Centers of two similar coils P and Q having same number of turns are located at the coordinates (0.4,0) and (0,0.3) such that the plane of coils are perpendicular to X-and Y-axis respectively. The areas of cross section of coils P and Q are in the ration `4:3` Coil P has 16 A current in clockwise direction and coil Q has `9sqrt3A` current in anticlockwise direction as seen from the origin. A small compass needle is placed at the origin. Find the deflection in the needle, assuming the earth's magnetic field negligible and the radii of the coils very small compared to their distances from the origin.

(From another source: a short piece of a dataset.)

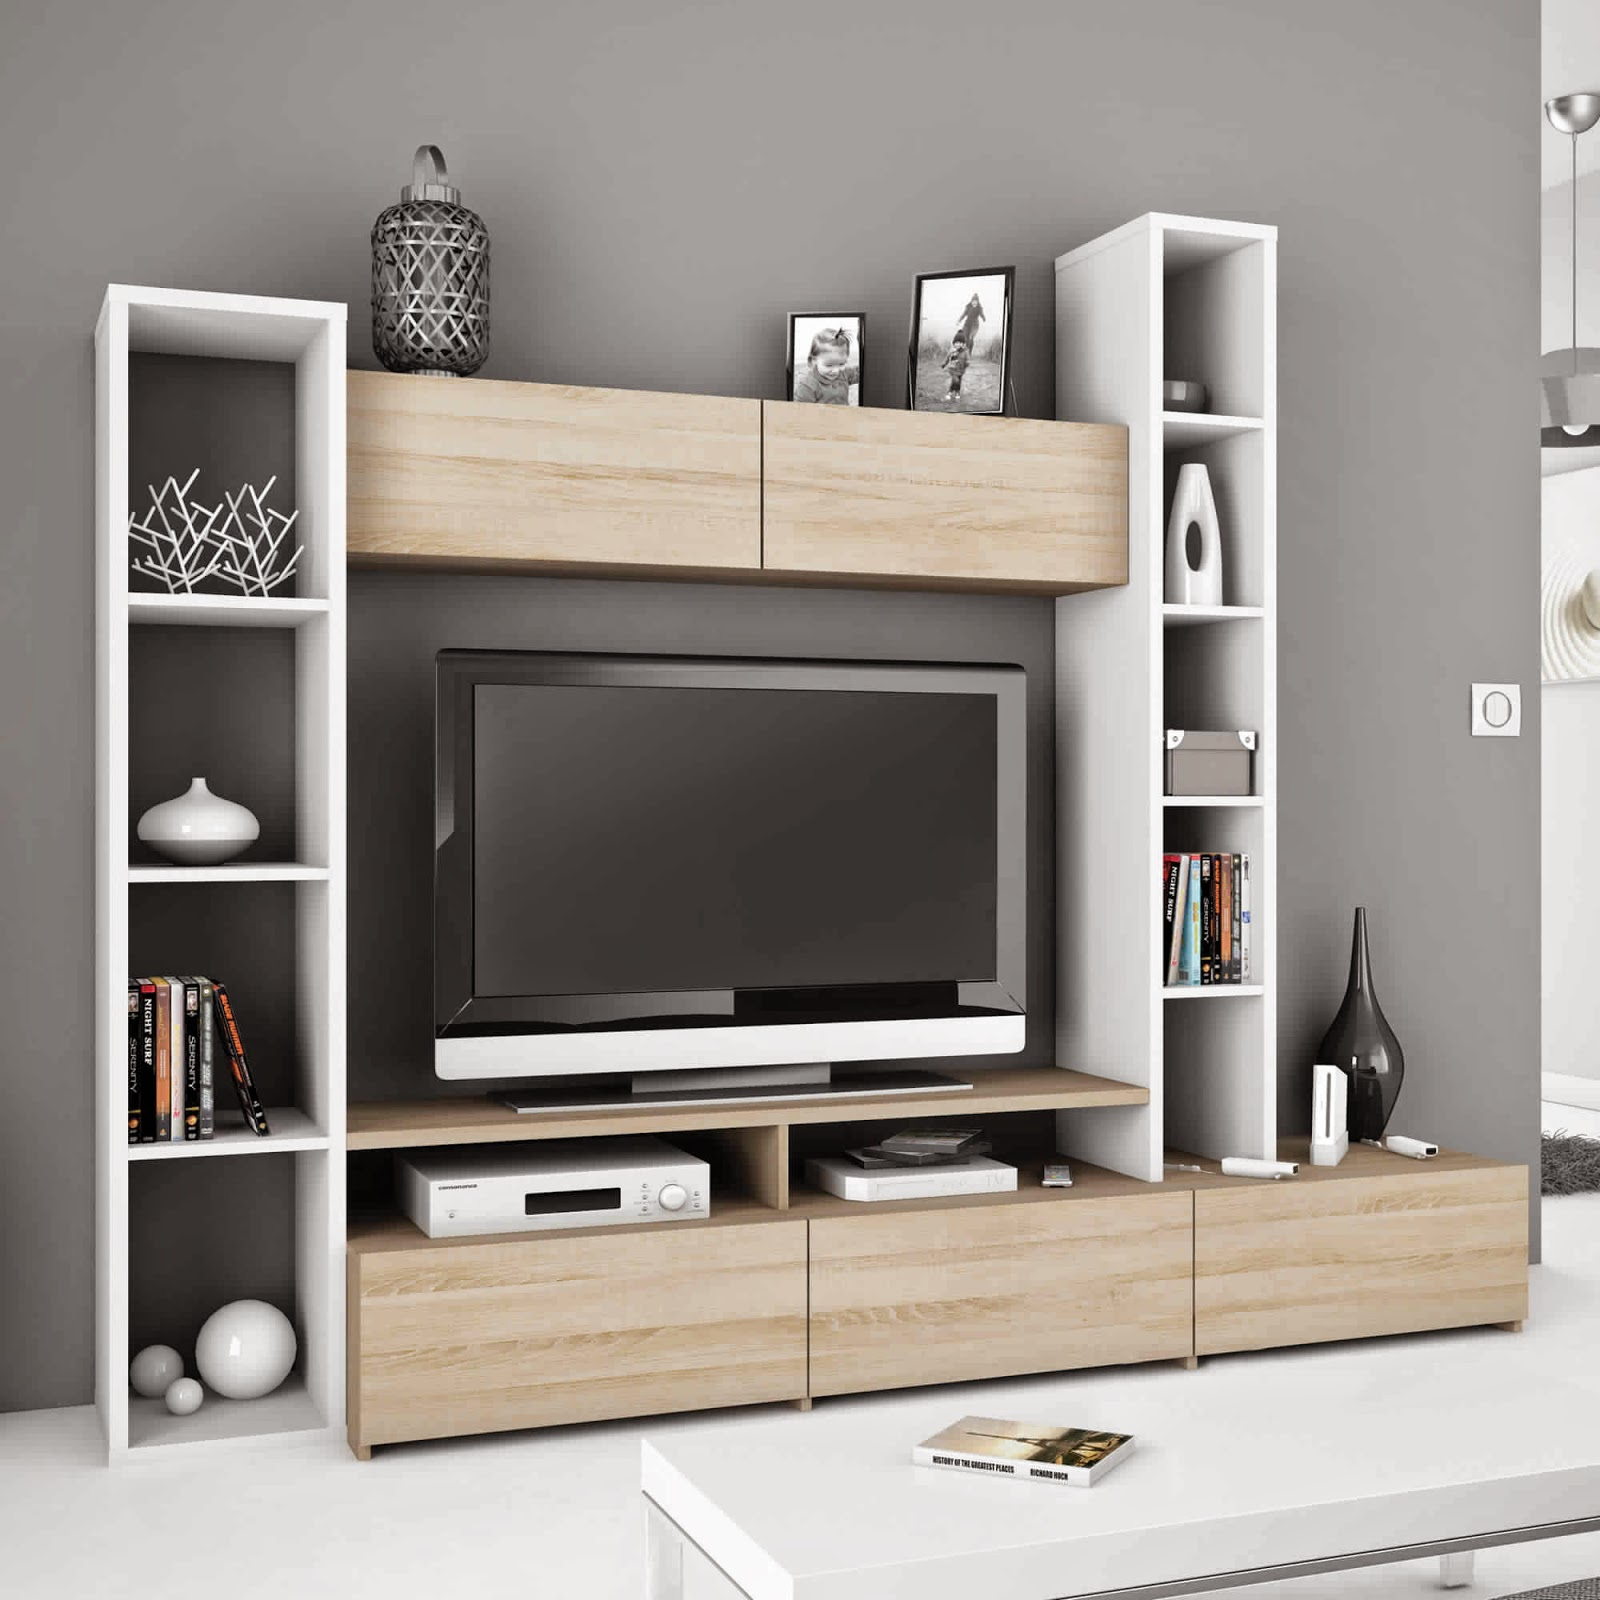 Meuble Tv Avec Rangement Pas Cher Royal Sofa Idee De Pour Meuble Tv Avec Enceinte Integre Conforama Agencecormierdelauniere Com Agencecormierdelauniere Com

We know that the magnetic field on the axis of a current
carrying coil of radius r and number of turns N at a distance x
from the centre of coil is given by

`B=(mu_0Nir^2)/(2(r^2+x^2)^(3//2))=(mu_0Ni(pir^2))/(2pi(r^2+x^2)^(3//2))=(mu_0NiA)/(2pi(r^2+x^2)^(3//2))`
where A =Area of the coil.
When `rlt ltx`, then `B=(mu_0NiA)/(2pix^3)`
Now magnetic field at O due to coil P is
`B_P=(mu_0Ni_PA_P)/(2pix^3) (along OX)`
Similarly, `B_Q=(mu_0Ni_QA_Q)/(2piy^3) (along YO)`
Suppose the compass needle makes an angle `theta` with x-axis, then
`tan theta = (B_Q)/(B_P) =((i_Q)/(i_P)) ((A_Q)/(A_P)) ((x^3)/(y^3)) =((9sqrt3)/16) (3/4) (0.4/0.3)^3 =sqrt3`
`implies theta=tan^-1sqrt3=60^@`